I skip the cases where \(A\) is a disjunction, a conditional, a biconditional, or a negated disjunction, conditional, or biconditional. The proofs are similar to one (or both) of the previous two cases.

  • If \(A\) is a box sentence \(\Box B\), then \(\beta \) contains a node \(B \;(\upsilon )\) for each world variable \(\upsilon \) for which \(\omega R \upsilon \) is on \(\beta \) (because the tree is fully developed). By induction hypothesis, \(M, \upsilon \models B\), for each such \(\upsilon \). By definition 4.2, it follows that \(M,\upsilon \models B\) for all worlds \(\upsilon \) such that \(\omega R \upsilon \). By clause (g) of definition 3.2, it follows that \(M, \omega \models \Box B\).

  • If \(A\) is a diamond sentence \(\Diamond B\), then there is a world variable \(\upsilon \) for which \(\omega R \upsilon \) and \(B \;(\upsilon )\) are on \(\beta \). By induction hypothesis, \(M, \upsilon \models B\). And by definition 4.2, \(\omega R\upsilon \). By clause (h) of definition 3.2, it follows that \(M, \omega \models \Diamond B\).

For the case where \(A\) has the form \(\neg \Box B\) or \(\neg \Diamond B\), the proof is similar to one of the previous two cases. □

To establish completeness, we need to verify one more point: that one can always construct a fully developed tree for any invalid target sentence.
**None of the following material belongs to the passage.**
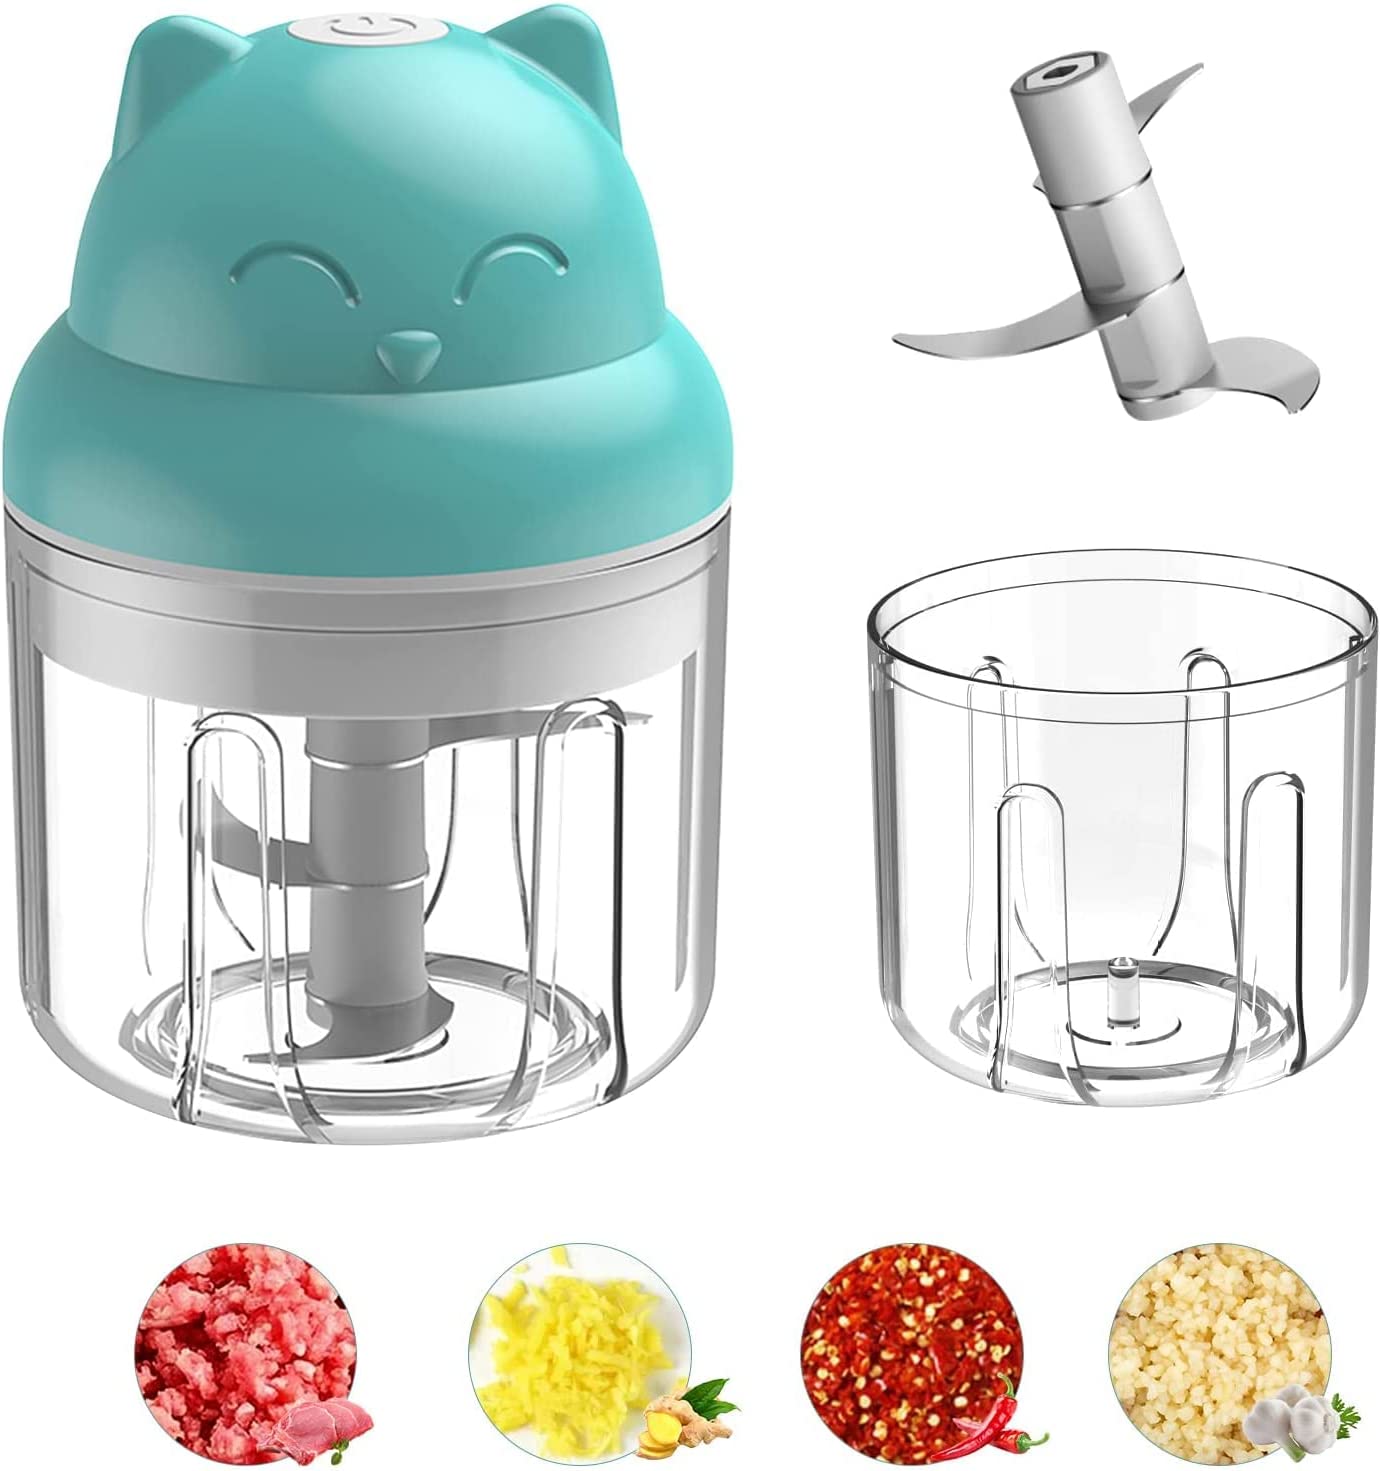 EUBSWA Mini Electric Chopper, 250 ml Onion Chopper Wireless Portable One Button Operation, Easy to Clean, Multi Chopper for Garlic, Chilli, Vegetables, Meat, Nut (Blue)

Let’s call a K-tree regular if it is constructed by (i) first applying all rules for the truth-functional connectives until no more of them can be applied (without adding only nodes to a branch that are already on the branch), then (ii) applying the rules for \(\Diamond \) and \(\neg \Box \) until no more of them can be applied, then (iii) applying the rules for \(\Box \) and \(\neg \Diamond \) until no more of them can be applied, then starting over with (i), and so on.

Observation 4.1:

Every regular open K-tree is fully developed.

Proof: When constructing a regular tree, every iteration of (i), (ii), and (iii) only allows expanding finitely many nodes. So every node on every open branch that can be expanded in any way is eventually expanded in this way by some iteration of (i), (ii), and (iii). □

Now we have all the ingredients to prove completeness.

Theorem: Completeness of K-trees

If a sentence is K-valid, then there is a closed K-tree for that sentence.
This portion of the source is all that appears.